What am I compulsive about in my work?

At the deepest level, I want to be right and want the frameworks I use to make decisions to be aesthetic and very high leverage. I obsess about making things simpler, more aesthetic, and more expressive in my craft. I also focus on having the highest leverage work since I can't code as much anymore.

How would my friends describe me in ten adjectives?

Neurotic, kind, focused, multidisciplinary, stubborn. If I am shown to be wrong, I will change my mind and apologize. Being wrong and admitting it is valuable because it updates your world model.

What criteria would I use to hire someone for my own role? What attributes and skills are the most critical for success?

The ability to prioritize while also consuming everything. Minimalism is perceiving the entire universe and picking the things you want by deleting everything else. The ability to take in large context and narrow down is my biggest skill.

What's the toughest feedback I've gotten from a manager or mentor?

I was working too much and it wasn't clear if all the energy I was putting into the system was pushing the machine in the right direction.
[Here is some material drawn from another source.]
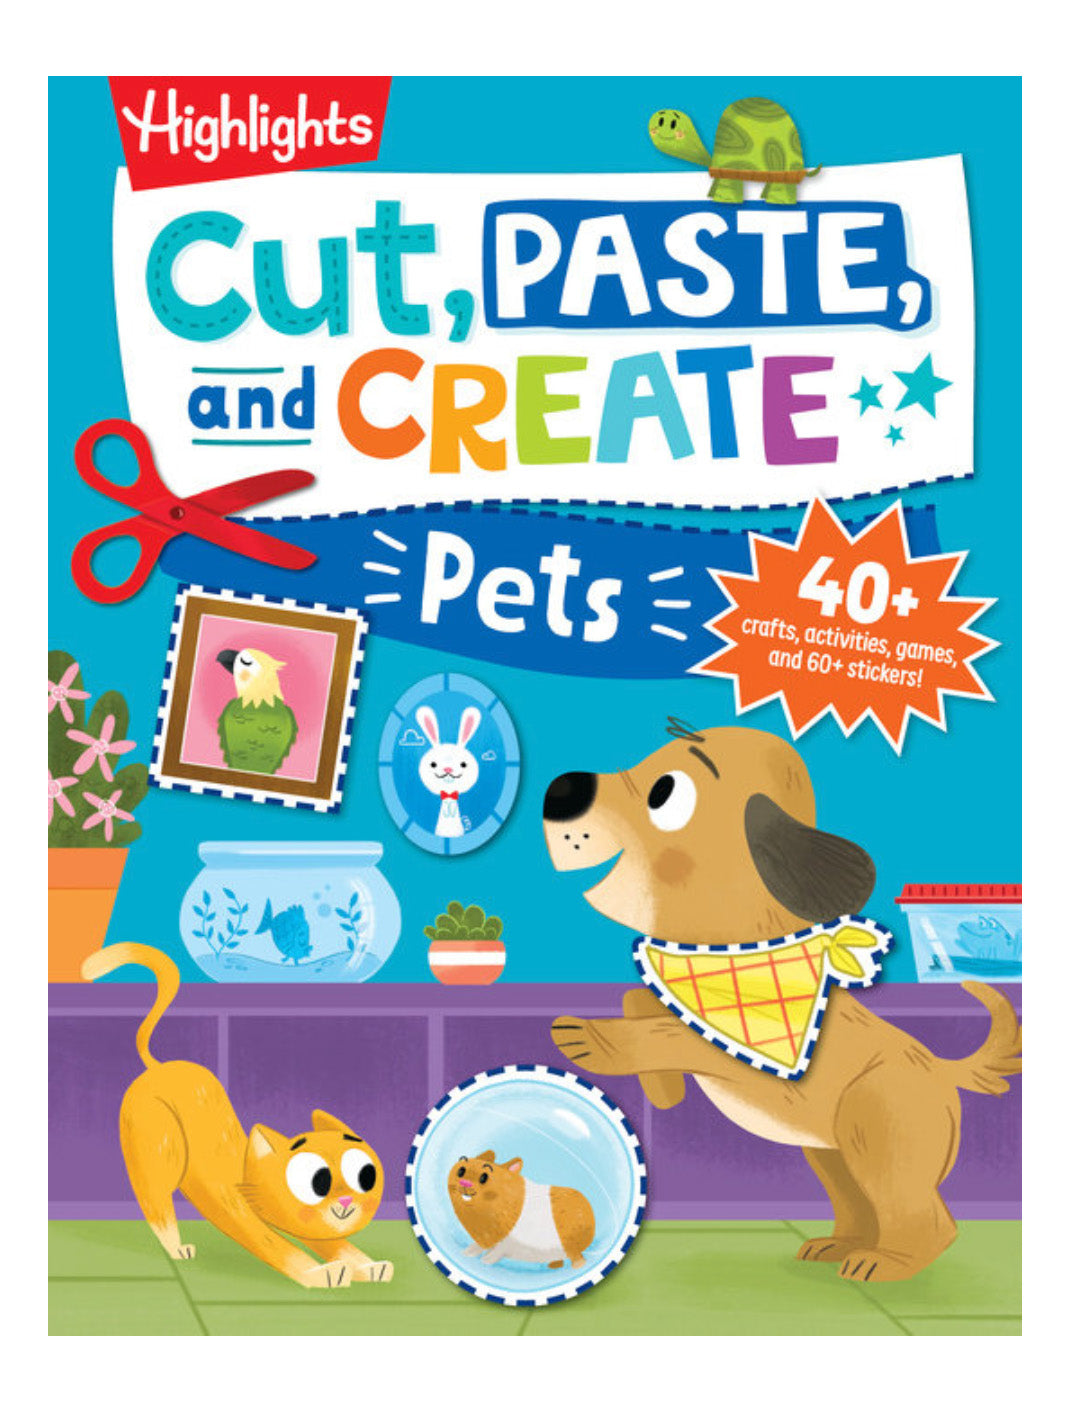 cut, paste, and create pets

You have to be proud of the outcome, not the variables. Can't be proud about the leverage and not put in the work either.

What am I most torn about in my professional life right now?

Finding leverage. I enjoy working on projects that take maybe a year or two to build out. Figuring out if projects should be two months, six months or two years long. I really enjoy the one to two year minimum.

Who are the best people I've worked with and what made them so exceptional?

Obsession and curiosity. They disappear for a couple months, come back passionate about a new thing they learned. I admire being able to go deep, even though my scope is much larger.

How have I grown and evolved in the last 5-10 years? What have been my biggest learnings and developments?

After my hand injury, my force output was cut by a factor of two to ten. But if I can think harder, prospect, and find a lever that's a hundred times longer, it doesn't really matter. That's my biggest development.